Parmi les clients venus témoigner de l'intérêt d'une solution achats, et de celle-ci en particulier, Sylvie Robin Romet, directrice des achats groupe du Crédit Agricole; groupe qui a adopté la plateforme Ivalua en 2006. Une solution grâce à laquelle les achats ont pu "massifier, mutualiser et opérer des synergies" , mais aussi "mieux connaître (leurs) fournisseurs, leurs innovations et leur valeur ajoutée,- car l'outil est aussi une base de données", a souligné la directrice achats. Et d'illustrer:"Quand on n'a pas d'outil, c'est à peine si on n'a pas besoin de demander au fournisseur quel CA il réalise avec nous... Avec l'outil, on a toutes les informations nécessaires, ce qui permet de rationaliser le panel. On a une vision qualitative de nos fournisseurs, mais aussi un meilleur suivi réglementaire et contractuel" . Enfin, l'outil "aide à la mise en place d'une politique RSE".

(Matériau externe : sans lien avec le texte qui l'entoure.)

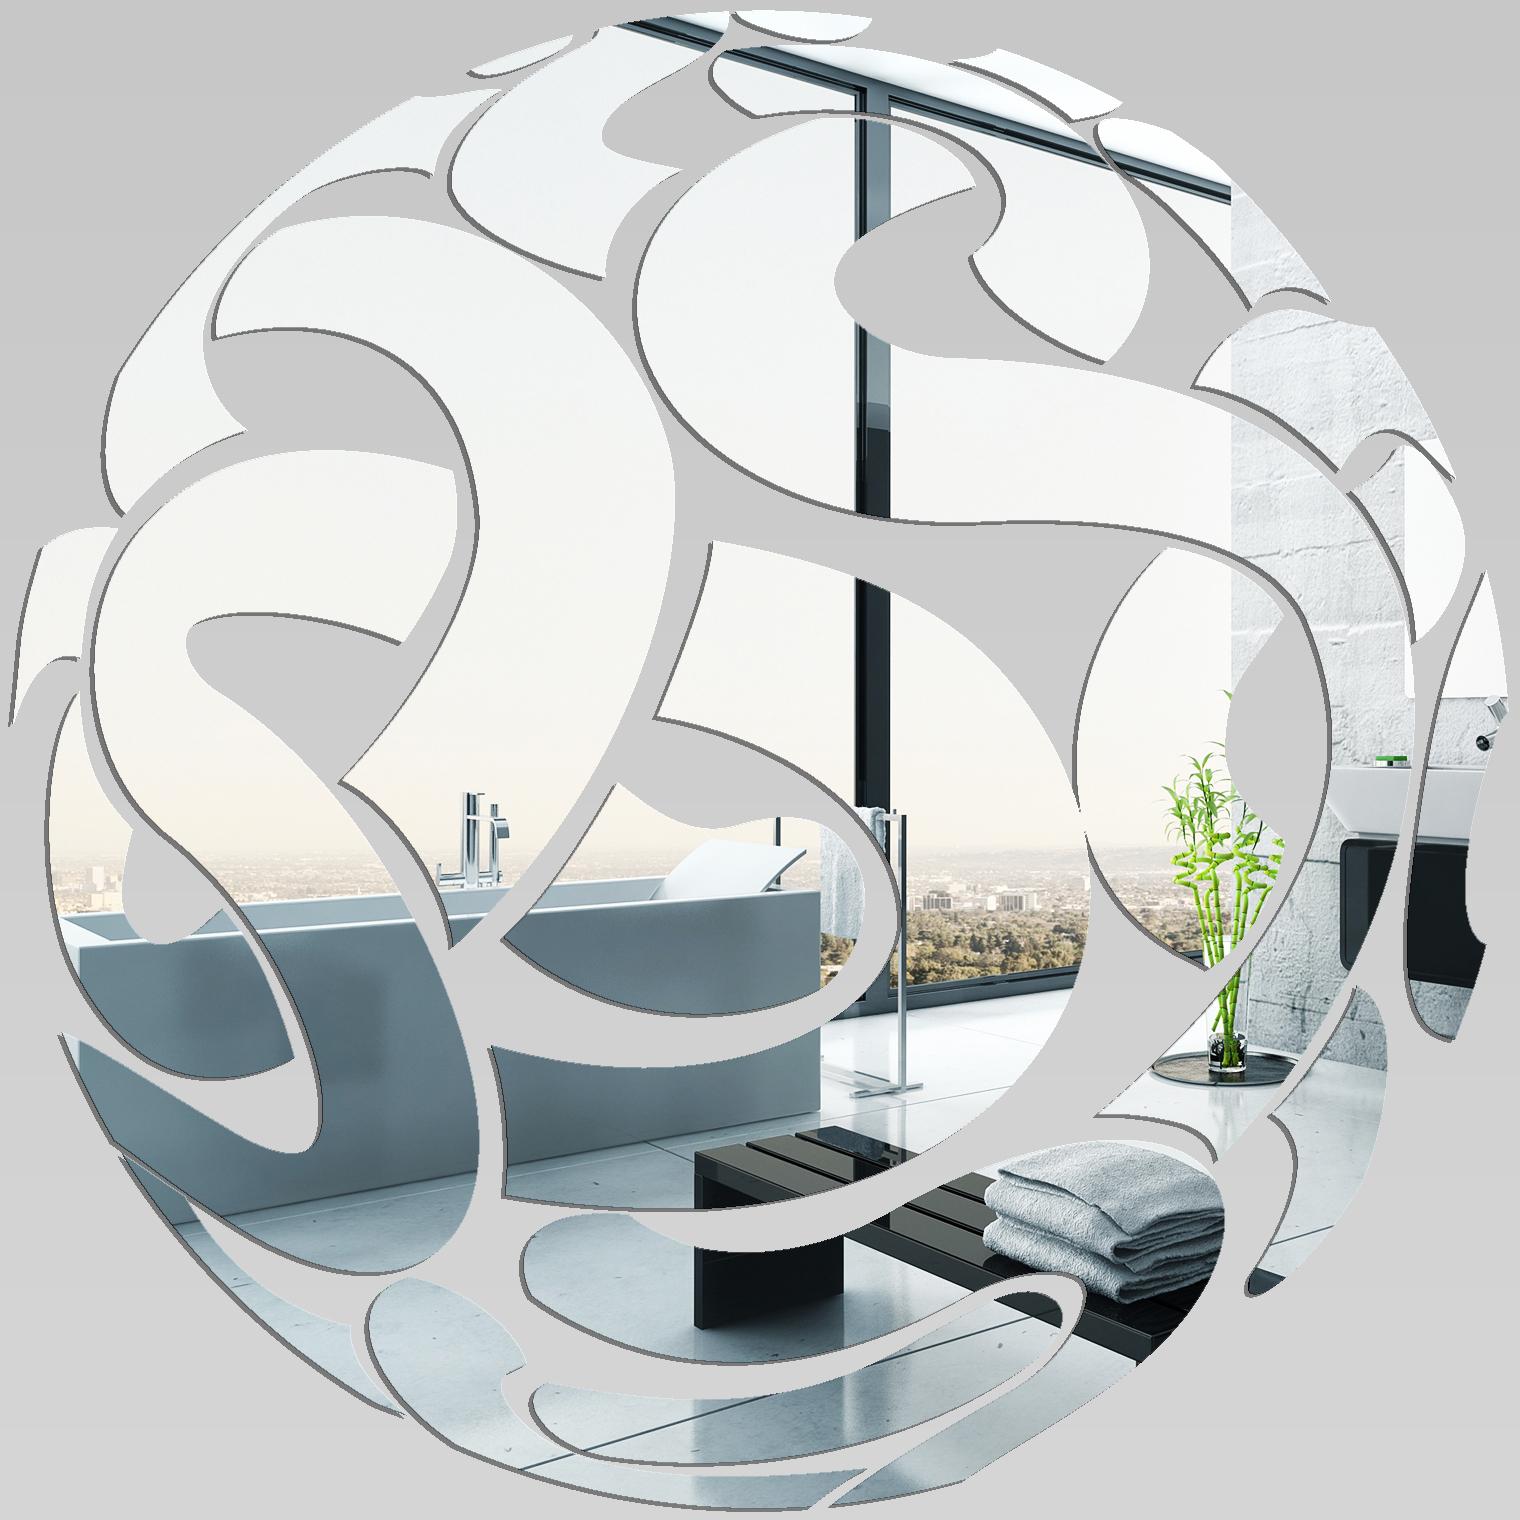 Miroir plexiglass acrylique rond design pas cher - Petit miroir rond pas cher ...

Le Crédit Agricole, qui travaille aujourd'hui avec une version "full Web" (la V8 de la plateforme), a posé une limite: "pas plus de 10% de spécifique" . La direction achats a appris de ses erreurs passées: elle a mis la V6 au rencart après "être tombée dans le piège en ayant accepté trop de spécifique. La solution avait été peu déployée car pas adaptée à toutes les entités du groupe. On avait voulu faire plaisir à tout monde", a raconté Sylvie Robin-Romet. "Or c'est un outil pour les acheteurs." Cette fois, elle a opté pour la version standard. "Un outil complet sur étagère pour que chacun puisse faire du pick-up en fonction de ses besoins." Corollaire de ce choix: "À partir du moment où l'on prend du standard, c'est l'outil qui pilote le process".